Though much of the album’s character is founded on the less serious moments, it would be very wrong to assume that the album is therefore clogged with insubstantial throwaways. The burned out atmosphere and plaintively understated Hubley vocal in “I Feel Like Going Home” clearly evoke the song’s title, with bittersweet violin lines and thoughtfully probing guitar lines adding to the sense of loss and longing. Even better is the beautifully sighing “Black Flowers,” a gorgeous patchwork of bubbling strings and woodwinds that ranks among the best chamber pop songs to appear since the Left Banke retired their string section.

Given that Yo La Tengo made their reputation on their deep knowledge of the rock canon and their ability to combine a myriad of influences into a distinctly original whole, this album works as a de facto showcase of everything they’ve done well.
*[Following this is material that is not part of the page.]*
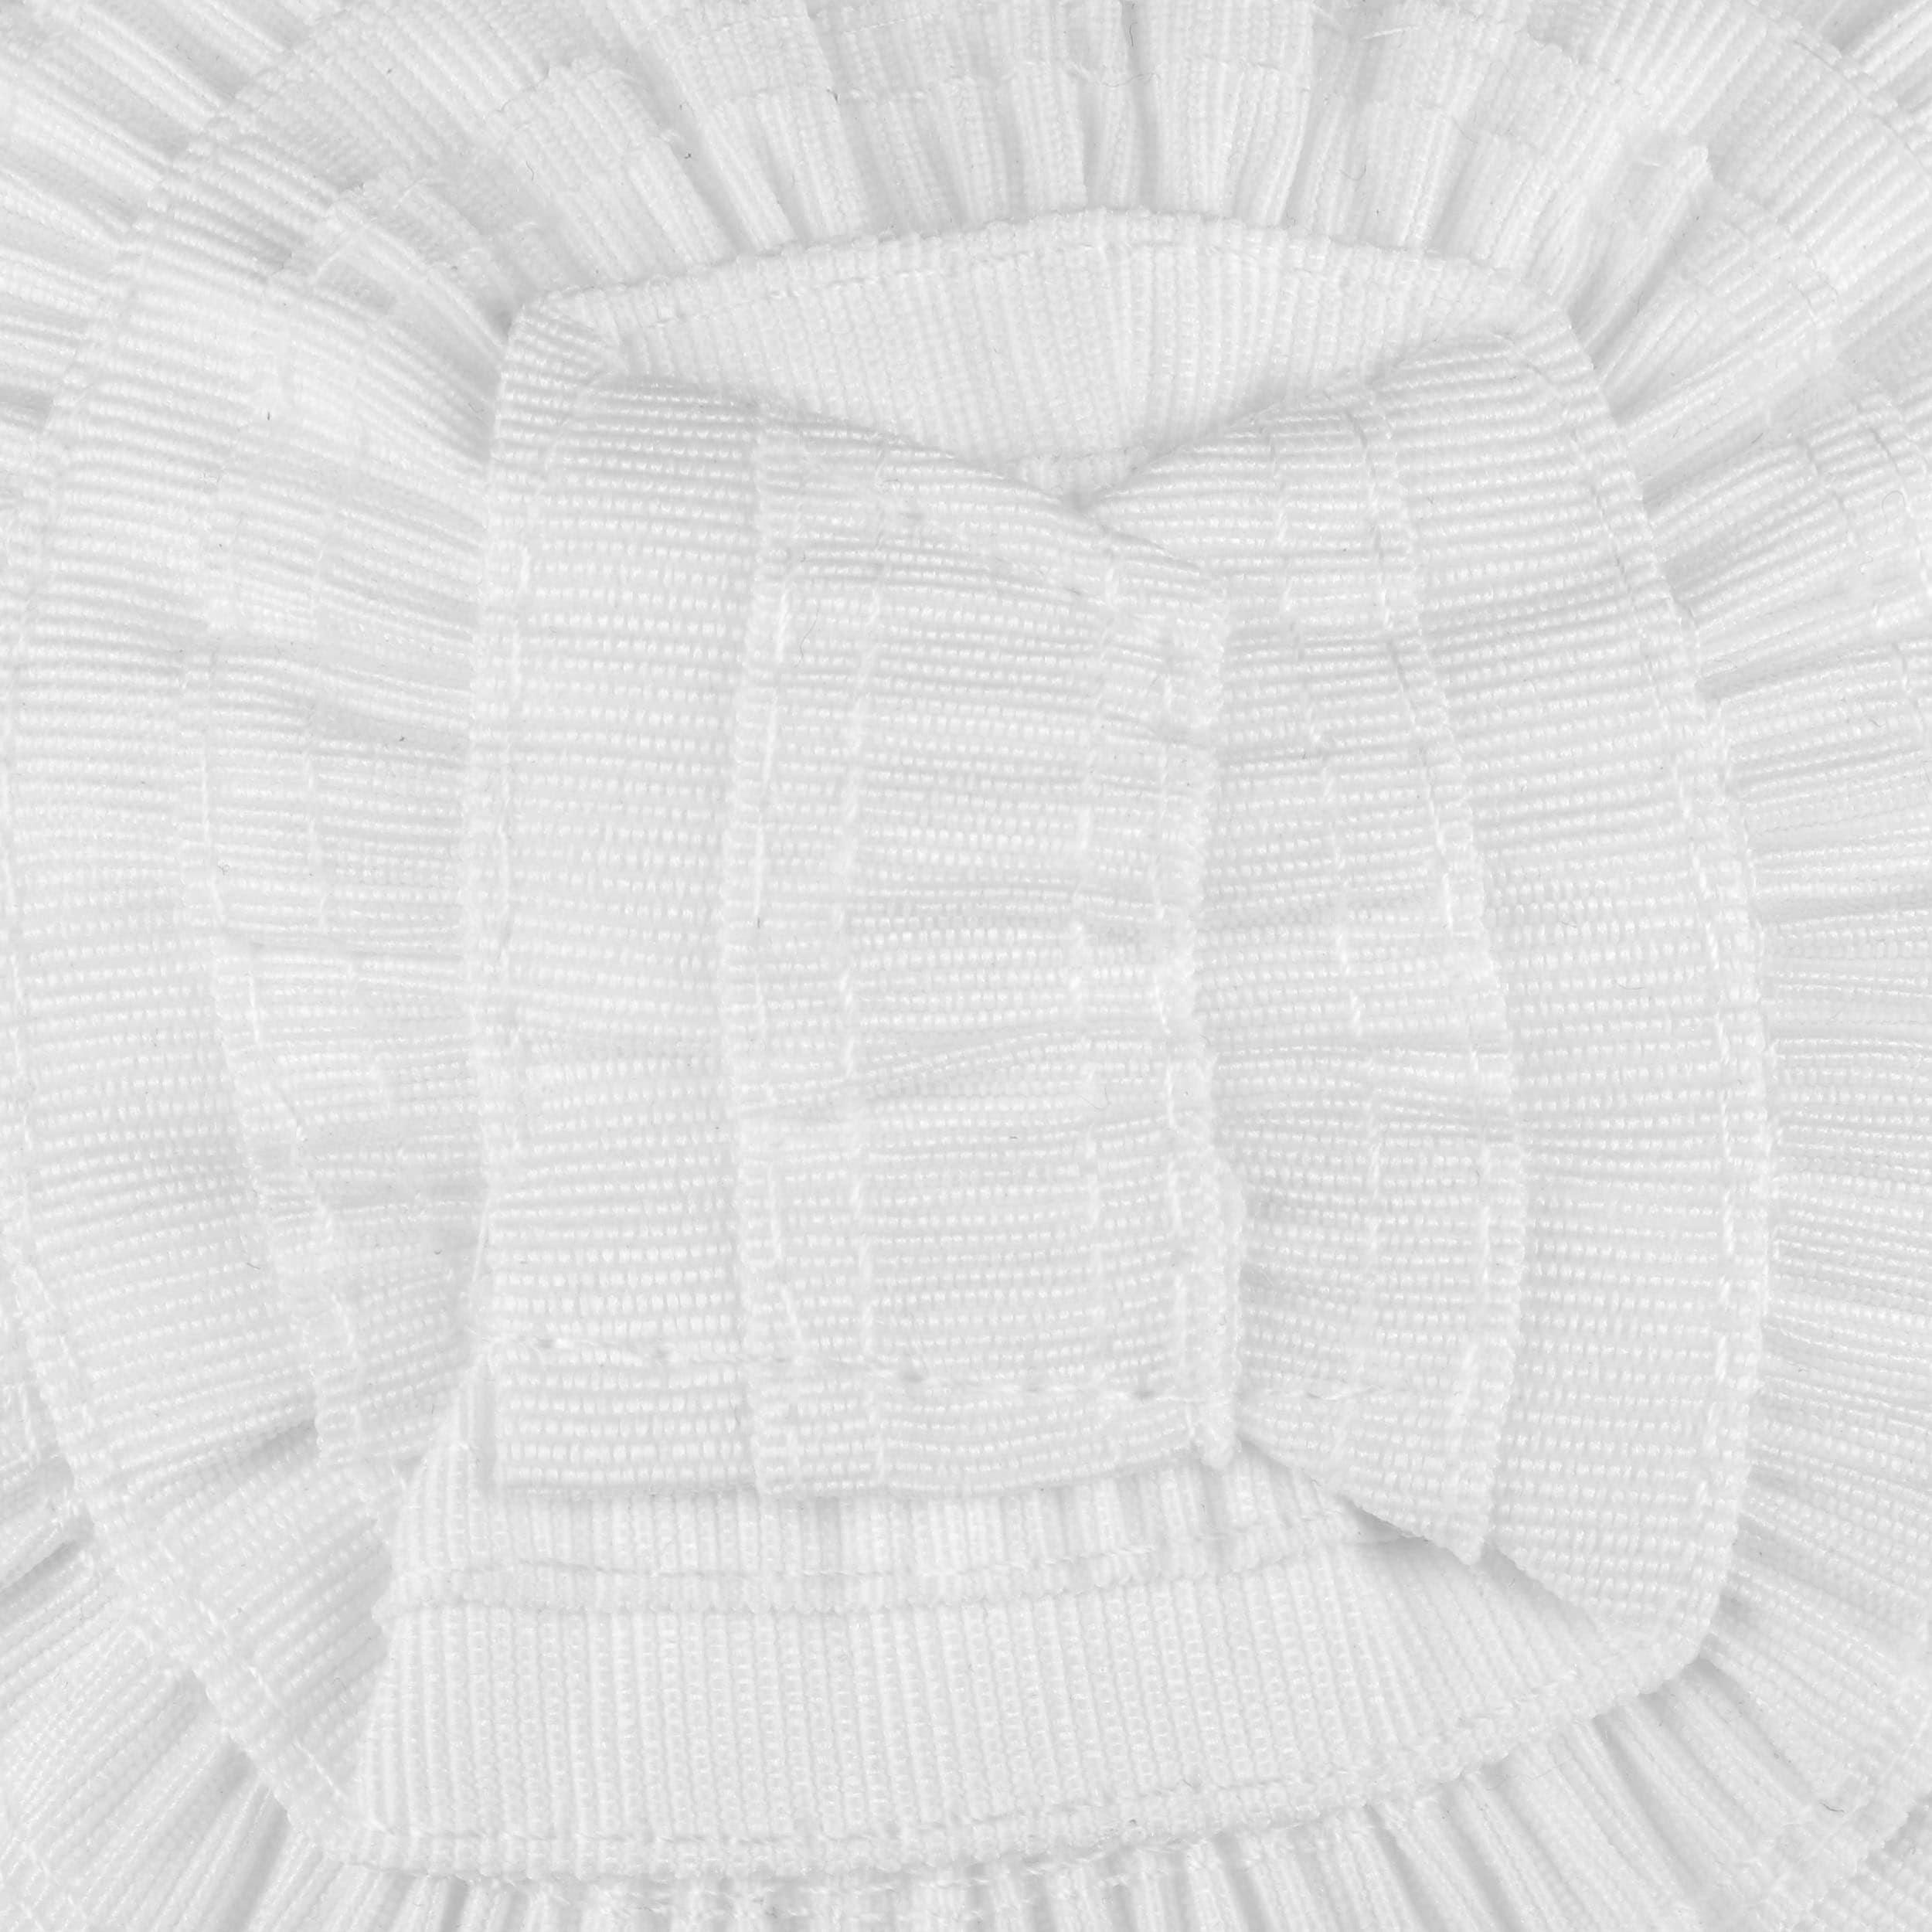 40747d4fbd4 ... Classic Sunshade Hut by Betmar - weiß 4 ...

Always an outstanding guitarist, Ira Kaplan sounds positively invigorated, snapping off some of his most antisocially scrambled riffs ever to grace a Tengo album on “Pass the Hatchet…” More than anything, this sounds like a band having fun again, settling down in the studio with no particular game plan and coming out with an album that is unified only by the sense that everything sounds like it was produced by a band that never knew what the next song was going to sound like.

All in all, I’m Not Afraid of You is nothing new, even for Yo La Tengo, but for a band that has donned nearly every stylistic shade at one time or another, the only thing that remained for them was to wear them all at once. All of the eclectic shape-shifting does leave the album without a clear conceptual center, and it’s unlikely to ever eclipse their more definitively focused efforts. What is likely is that it will emerge as one of their most loved lesser works, the album that you reach for when you’re on a road trip and want to hear one band play their own private mix tape for you.

Sound
Ranging from crisply textured arrangements of strings and horns to hazy layers of guitar and organ distortion, the album’s 15 tracks are appropriately and consistently produced. Ultimately, little has changed about the way their albums have been produced over the last 15 years, and they’ve never made the transition to glossy hi-fidelity. As usual, the band opts for reverb and wall-of-sound unison over meticulous precision or polish. As always, it suits them perfectly.